Томас спросил дрожащим голосом:
— А что?
Калика буркнул, не оборачиваясь:
— Да нечто в духе времени. Мир меняется, им надо меняться тоже.
— Покажи, — попросил Томас.
При солнечном свете золотая веточка выглядела поблекшей. Золото не сияло, Томасу почудилась вовсе не золото, а тусклая медь. Веточка короткая. Листочков всего три.
— И это все? — спросил он разочарованно.
Калика бросил раздраженно:
— Мы в квесте, забыл? За что и не люблю эту дурь. Туда пойди — возьми это, туда — то, в третьем месте — еще какую-то мелочь, а потом еще и ломай голову как сложить, чтобы дверь открылась, решетка поднялась, или какой-нибудь пустяшный засов отодвинулся. Так и жизнь пройдет, а ты все драконов бьешь по головам, принцесс спасаешь, совсем будто от безделья на стенку лезешь.
Томасу почудился камешек в его суверенные владения:
— А что делать, если другое не умею?
Внезапно из-под ног раздался дикий вопль. Томас отпрыгнул, дико посмотрел по сторонам. Стояла звенящая тишина, даже калика остановился, вокруг только голые камни, стены.
— Что только не чудится, — пробормотал он испуганно. На лице выступили капли пота. Калика смотрел внимательно, в зеленых глазах было странное выражение. Томас ступил снова, крик раздался прямо из-под сапога.
Томас подскочил, хотя вроде бы уже готов к неожиданностям. С мечом в руке огляделся, в глазах страх:
— Сэр калика! Демоны, да?
— Какие демоны...
— А что же?
— Обыкновенный базланит.
Томас вытаращил глаза:
— Что?
Олег с неохотой поправился:
— Ну, не совсем и обыкновенный... Вообще-то ему цены нет, но сейчас нам не до редких камней. Ну, ты знаешь, смарагд излечивает от ядовитых пауков, медянок и желтопузиков, изумруд лечит боли в печени, а базланит испускает такой радостный вопль...
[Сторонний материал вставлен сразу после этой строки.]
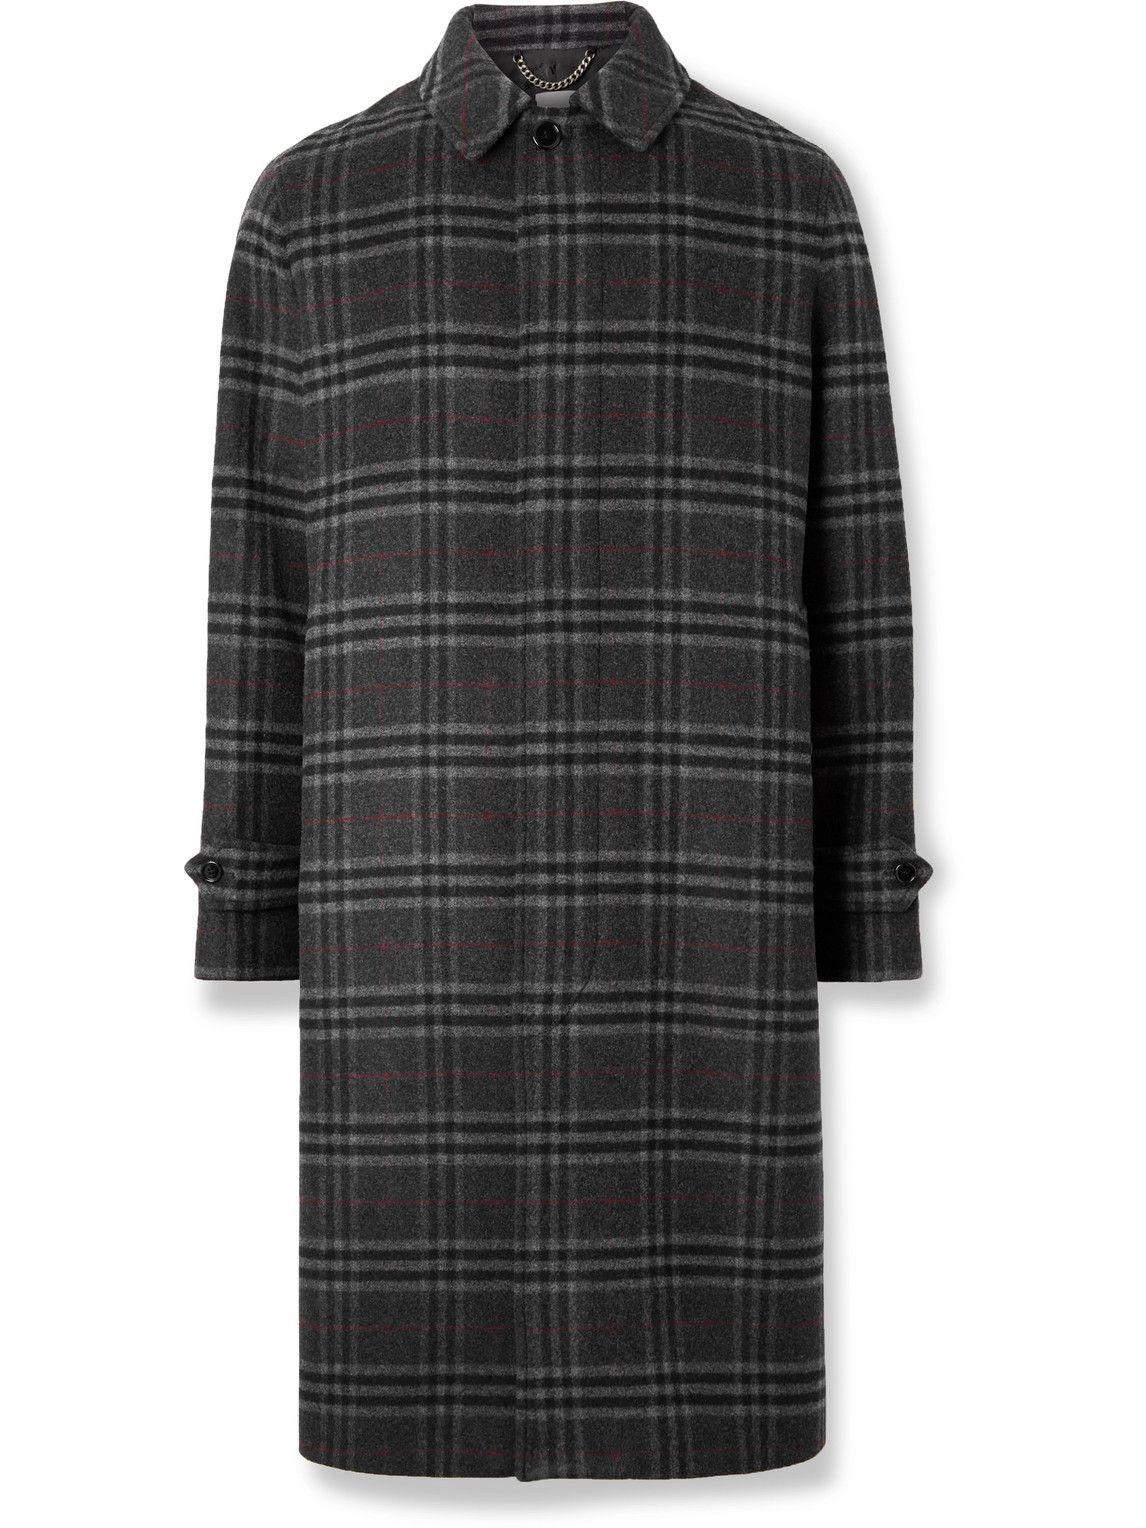 Burberry - Checked Wool and Cashmere-Blend Coat - Gray Burberry

— Ничего себе радостный, — пробормотал Томас, он вытер мокрое лицо.
— ...всякий раз, когда на него наступает настоящий король.
Томас обошел каменную плиту, наполовину вдавленную в землю, подозрительно посмотрел на Олега:
— А вы с ним не сговорились?
— Томас...
— А что? От тебя всего ждешь.
— Мне-то что, король ты или нет? Наоборот, из тебя бы неплохой калика получился. Со временем, конечно.
Томас отшатнулся. И лишь много погодя, когда спустились в долину, а калика разжег огонь на берегу ручья, Томас внезапно вспомнил, что сам калика обошел этот самый базланит по широкой дуге.
Томас сам не помнил, как освободился от доспехов. Калика разжег костер, а он все сидел в ручье. Ледяная горная вода нагрелась от его тела так, что шел пар, а ниже по течению рыбешек уносило кверху брюхом. Что ж, не каждая речная рыба выдержит аромат благородного рыцарского пота. Морская, разве что...
Он пошевелил, растопырив, пальцами ног. Ледяные струйки ласково щекотали кожу, очень медленно — калика там уже ест! — охлаждали раскаленное как в горне тело. Когда он с трудом выбрался, ноги все еще подкашивались, калика лежал у костра, зеленые глаза пристально всматривались в небо. Снова Томасу почудился гнетущий взгляд кого-то неслыханно огромного, мороз пробежал по все еще разгоряченной коже.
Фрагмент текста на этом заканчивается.